The administration put in place its Statutory Cabinet faster than any other administration since President Reagan. President Biden has also announced his intent to nominate 233 individuals to serve in Senate-confirmed leadership roles across the Executive Branch — more nominees than any past administration has announced by the 100-day mark.
Many of these administration leaders have broken new ground. Lloyd Austin is the first black secretary of defense. Janet Yellen is the first woman to be secretary of the treasury. Alejandro Mayorkas is the first Latino and immigrant to serve as secretary of homeland security. Xavier Becerra is the first Latino to serve as secretary of health and human services.
Deb Haaland, the secretary of the interior, is the first Native American to ever serve as a Cabinet secretary. Pete Buttigieg is the first openly LGBTQ person to serve in the Cabinet. Cecilia Rouse is the first woman of color to chair the Council of Economic Advisors, and Katherine Tai is the first woman of color to serve as U.S. trade representative. Avril Haines is the first woman to lead the U.S. intelligence community. Rachel Levine is the first openly transgender person to be confirmed by the Senate. If confirmed, Robert Santos will be the first person of color to be director of the United States Census Bureau, and Stacey Dixon will be the highest-ranking black woman in the intelligence community.

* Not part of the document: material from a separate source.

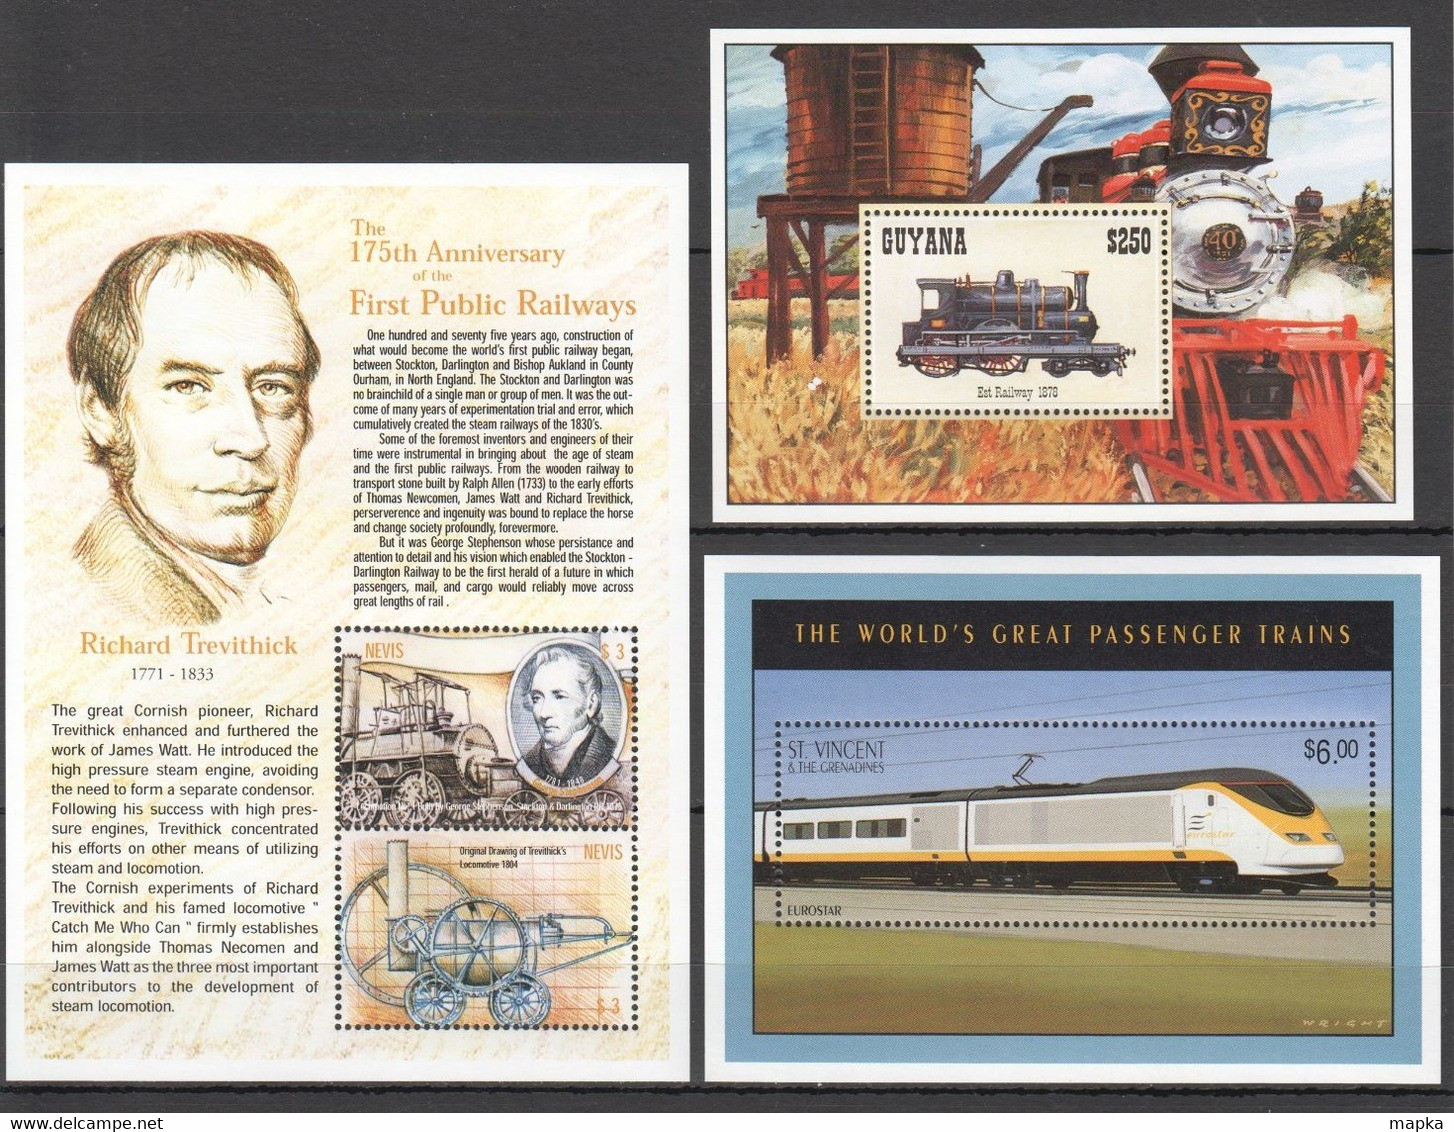 QQ976 NEVIS GUYANA TRANSPORT TRAINS TREVITNICK LOCOMOTIVES WORLD'S GREATEST LOCOMOTIVES 3BL MNH - Trains

Even as the Senate continues to confirm the president's nominees, the White House Office of Presidential Personnel has hired nearly 1,500 presidential appointees to serve in key agency positions that do not require Senate confirmation — double the number of appointees hired by any prior administration by the 100-day mark. And, consistent with President Biden's commitment to leveraging the talent, creativity, and expertise of the American people to build an administration that looks like America, more than half of all Biden appointees are women, and half identify as non-white numbers that set a new bar for future administrations.
Of the approximately 1,500 agency appointees hired by President Biden so far:
—58% are women;
—18% identify as black or African American;
—15% identify as Latino or Hispanic;
—15% identify as Asian American or Pacific Islander;
—3% identify as Middle Eastern or North African;
—2% identify as American Indian or Alaska Native;
—14% identify as LGBTQ+;
—4% are veterans;
—3% identify as disabled or having a disability;
—15% were the first in their families to go to college;
—32% are naturalized citizens or the children of immigrants.
President Biden's commitment to representation from communities that haven't always been at the table can be seen across the federal government. At the U.S. Department of Labor — the agency on the frontlines of the crisis facing women in the work force across the country — nearly 70 percent of all appointees are women. At the U.S. Department of Homeland Security, nearly 40 percent of all appointees are first-generation. At the U.S. Department of Education, 1 in 4 of all appointees are the first in their family to graduate from college and 1 in 3 are former educators. And at the U.S Department of Interior, 1 in 5 of all appointees is American Indian or Alaska Natives.